苏幕正嚼着手里那只白胖胖的蒸饼,忽然停住了动作,鼻翼微不可察地抽动了两下。
她三两下咽下嘴里的饼,凑到了还在狼吞虎咽的郑氏身边,闻了闻,又跑到崔珩身侧。
“公子,郑氏身上也沾着豆豉油,跟大老爷那儿闻到的一模一样!”
由于离得极近,她发梢上那股子若有若无的陈醋味直往崔珩鼻子里钻,让这位素来泰山崩于前而色不变的清河公子微微屏住了呼吸。
阿砚瞧着苏幕这副旁若无人的模样,惊得眼珠子都快掉进粥碗里了。
他伸出手,试图把苏幕那颗毛茸茸的脑袋按压下去:“干嘛呢?大庭广众的,成何体统!”
崔珩颔首,“做得好。”
他那修长的指尖轻轻扣过桌面。
郑氏袖口那抹新鲜的豆豉油,极有可能是她半夜因饥饿难耐,潜入厨房觅食时无意间蹭上的。而这抹油渍与案发现场门槛上的那一滩如出一辙,这绝非巧合。
案发当晚,郑氏定然去过大老爷冯敏的卧房。
虽说夫妻同住本是纲常伦理,但在如今的冯府,柳氏当家夺权,连这顿像样的早膳都不愿让郑氏上桌,大老爷那间体面的卧房里,显然也早已没有了这位疯癫发妻的位置。
夺命的深夜里,郑氏或许是恰好撞见了什么关键的场景。
正当这时,门口的仆人急促地通报了一声:“二老爷回府——”
冯柳氏不敢怠慢,快步迎向门外。
只见一个中年男人跨过门槛走了进来。
他约莫四十出头,身上穿着一套半旧不新的官袍,整个人显得风尘仆仆。
冯敬进门,朝柳氏微微点头,随即目光迅速扫过饭堂里的几张生面孔。
柳氏满脸堆笑地迎上去,声音里透着几分刻意的亲昵:“老爷回来了——这一路走得可还顺遂?”
男人有些疲惫地摆了摆手:“还好。”
他冲几人拱了拱手,声音沉稳:“尊客是?”
这匆匆赶来的中年男人,正是冯家二老爷——冯敬。
柳氏赶紧解释:“这几位是特意赶来吊唁大哥的,昨儿个进城时天色实在太晚,我就自作主张留他们在府上歇了一宿。”
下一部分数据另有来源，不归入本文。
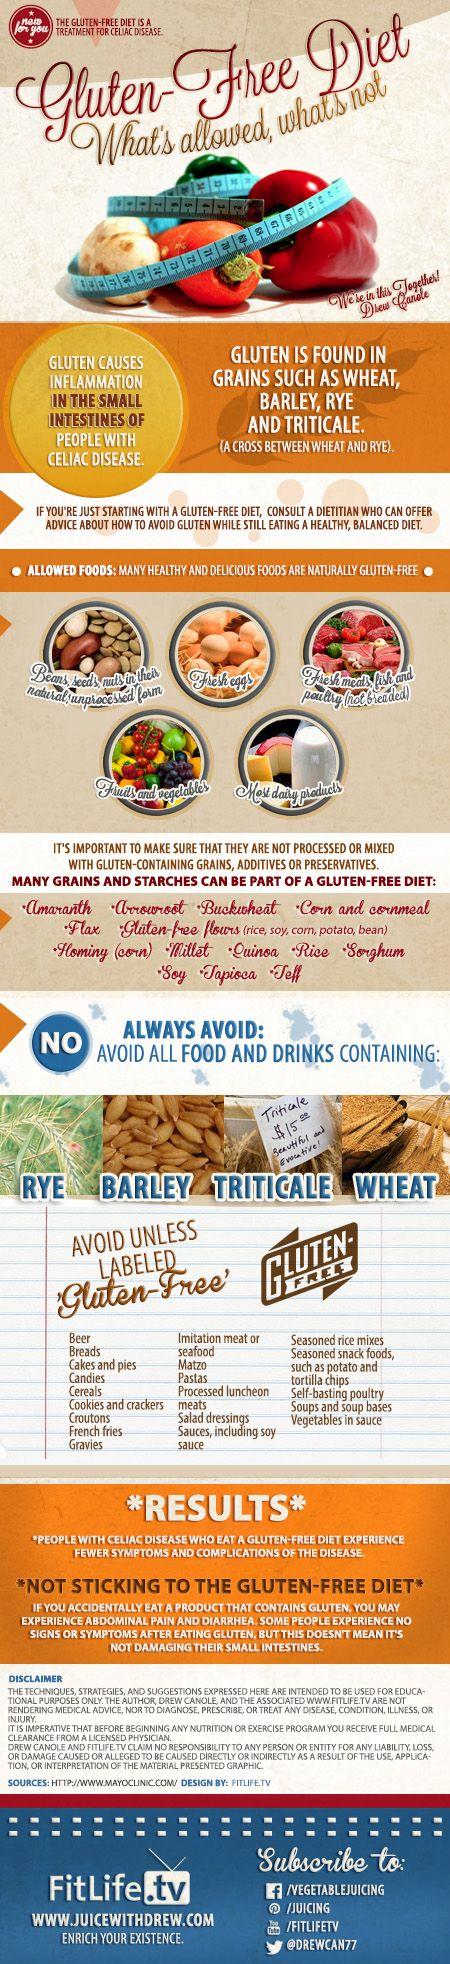 gluten free diet not allowed

“敢问几位在何处高就?”冯敬的语气虽还算客气,却透着一股子疏离。
崔珩放下筷子,还礼道:“不过是些闲散官职,不值一提。”
这答复听着谦逊,实则滴水不漏。
再问周晅和林曦,得到的也尽是些“家中亲戚”“随行大夫”之类的模糊说辞。
冯敬脸上本就稀薄的笑意减了几分:“有心了,大哥若是在天有灵,定会感念这份情谊。”
话音刚落,他的视线一偏,正扫到缩在角落、正狼吞虎咽扒着白粥的冯郑氏,眉头猛地一拧,嫌恶之色溢于言表。
“大嫂怎么在这儿?”
柳氏被这沉沉的一问惊得脸色微变,刚想开口替自己周全几句,冯敬语里已带薄怒:“披头散发,成何体统。没瞧见贵客在座吗?还不快带下去,”
这话是冲着柳氏说的,却是醉翁之意不在酒。
“几位有心吊唁,冯某感激不尽。只是如今家门不幸,丧事繁杂,恐招待不周,怠慢了诸位。”
周晅的手按上佩剑,刚要发作,崔珩却不动声色地冲他轻轻摇了摇头,递过去一个“稍安勿躁”的眼神。
真是树欲静而风不止啊……
崔珩心底暗叹一声,收起了那份被打扰了早膳的无奈。
他慢条斯理地拿帕子擦了擦手,从容不迫地站起身,双手叠扣,行了个极其标准的世家礼:“在下崔珩,祖籍清河。近日路过贵地,听闻府上大老爷不幸仙逝,感念旧谊,特来吊唁,多有叨扰了。”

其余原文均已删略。